Абстрактные персонажи. Вряд ли притча и наверняка не Адам и Ева: спущенные чулки Женщины в полинялом платье, колоритная потрепанная майка Мужчины. Образы не небесные. Земные. С тараканами. И все же — не банальная история «про любовь», хотя схема проста: одиночество — знакомство — узнавание — ссора — примирение. Он, воплощаясь в ее мечту, наряжается в тройку и, двигаясь полумеханическими движениями Робокопа, стреляет в публику из водяного пистолета. Шаг вперед, прицел, выстрел, шаг назад. Механическое чудовище. Но тут же — клоунский прием доведения до абсурда одного движения. Заело. И снова. Шаг вперед, прицел, выстрел, шаг назад. Шаг вперед, выстрел… Покачнулся, грохнулся в зрительный зал. Такая вот мечта. Не идеальная. С тараканами.

Станислав Варкки накладывает грим белого клоуна.

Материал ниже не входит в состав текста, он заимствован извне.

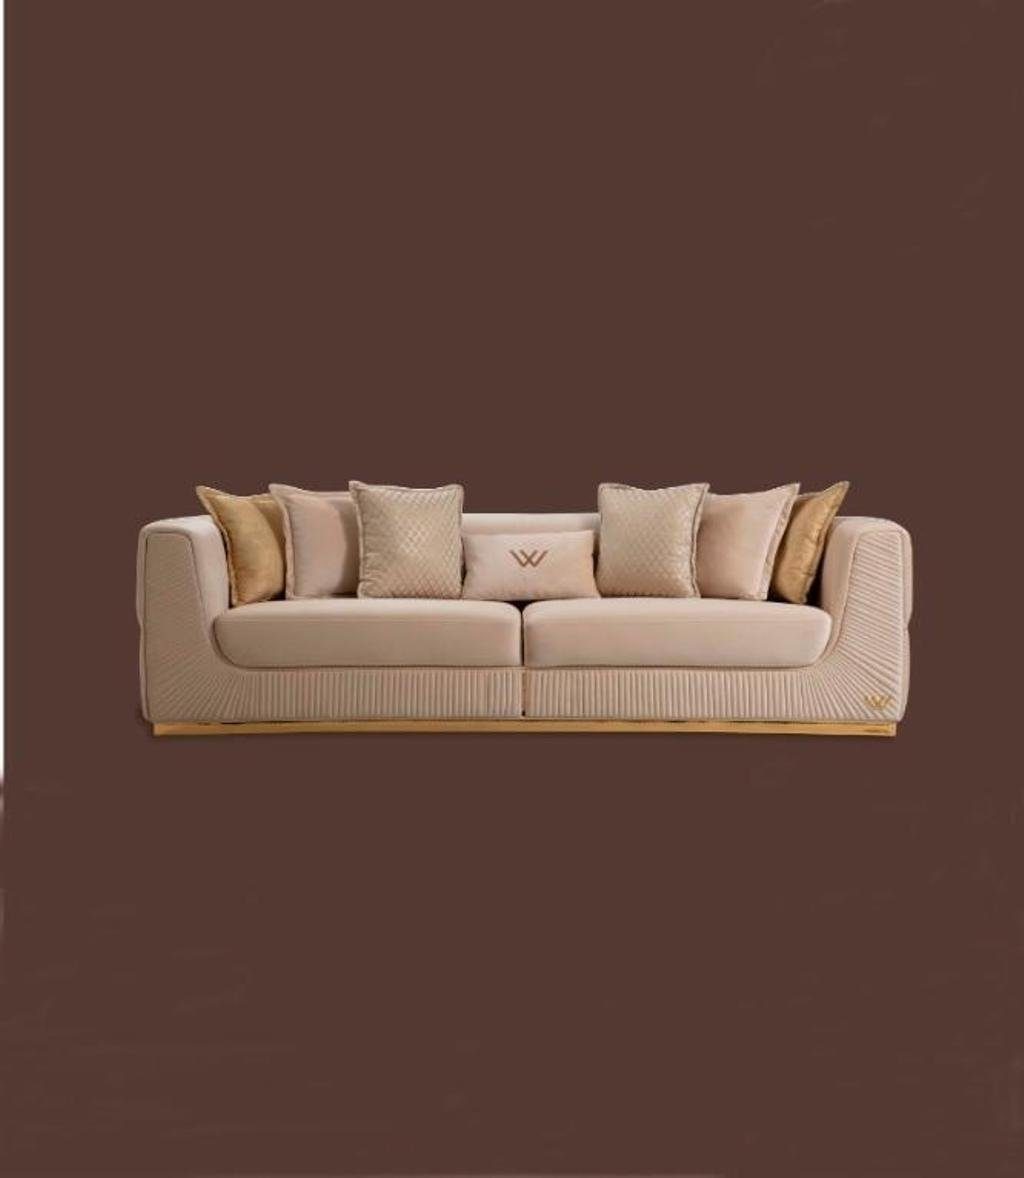 JVmoebel 4-Sitzer Sofa 4 Couchen Sofas Relax Polster Europa in 1 Leder Sitz Möbel, Teile, Made Design Sitzer

Станислав Варкки накладывает грим белого клоуна.

Она, прижавшись к порталу сцены, изнемогает от конкретности этой мечты, от ожидания Его. Бокал ее счастья пуст. Она, как алкоголичка с похмелья, шатаясь, слоняется по сцене в поисках влаги. Ее бокал пуст, а стремление утолить жажду — из категории жизни и смерти. Она изнемогает, почти ползет по сцене… И тут появляется Он, счастливый, с полным бокалом прохладной воды! Он несет его осторожно, в радостном предвкушении будущего счастья. И, конечно, Она сделает все возможное, чтобы добыть этой воды. Осторожненько подбираясь, Она станет завлекать его, соблазнять: будто случайно покажет лебединый изгиб шеи, а потом вдруг решительно положит его руку себе на грудь. Он замрет, рука, держащая бокал, дрогнет, и возникнет скульптурная композиция из столицы фонтанов — долгий страстный поцелуй, во время которого вода из бокала мужчины будет медленно переливаться в бокал женщины. Это любовь? — Любовь. Со своими тараканами.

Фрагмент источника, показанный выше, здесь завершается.